Несмотря на все различия и противоречия меж ними, с ней есть о чём говорить, она спонтанна, и её ответы нельзя предугадать, от неё не услышишь заезженных штампов. Она непредсказуема и тем интересна.

А ещё её немного жаль, и в то же время хочется чтить за смелость… Но из-за её безропотности и скромности есть желание научить быть немножко проще, общаться с людьми и вести себя чуть более уверенно.

На пороге вырос Тим-Тим. Стоя в дверном проёме в аккуратно застёгнутом на все пуговицы халате, он строго оглядел ребят.

— Южаков! Тебе тут что, мёдом намазано? Своей палаты нет?

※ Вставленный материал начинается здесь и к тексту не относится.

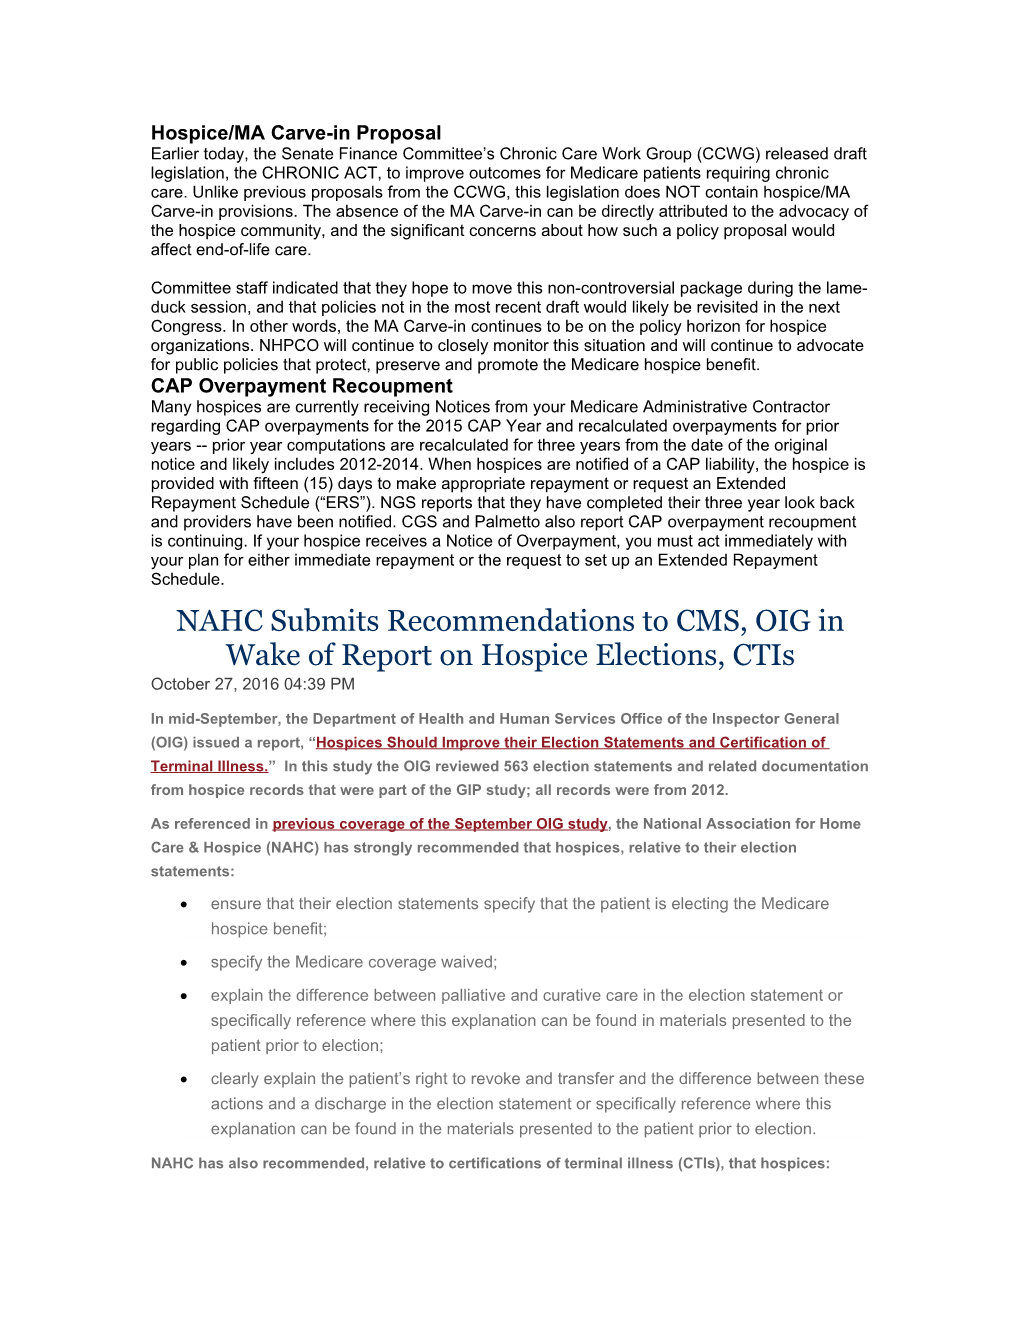 NAHC Submits Recommendations to CMS, OIG in Wake of Report on Hospice Elections, Ctis

— Ну почему?.. — Витёк невинно посмотрел на доктора. Его хмурый вид сегодня совсем не пугал. — Скучно одному.

— Так не парк развлечений, чай, — хмыкнул Тимофей. — Сиди, раз уж так скучно, только чтоб к обходу был на своём месте.

— Есть, товарищ генерал! — парень отдал честь.

— Правой рукой честь отдают. Всему вас, молодых, учить надо, — качая головой, с укором сказал Тимофей Тимофеевич. — Ладно, Инга, держи направление. Закончишь капаться, пойди сдай кровь… — он вручил девушке маленький листочек с врачебными закорючками, — Да, Южаков, и для тебя, кстати, тоже направленьице вот есть. Всё, всего хорошего, молодые люди.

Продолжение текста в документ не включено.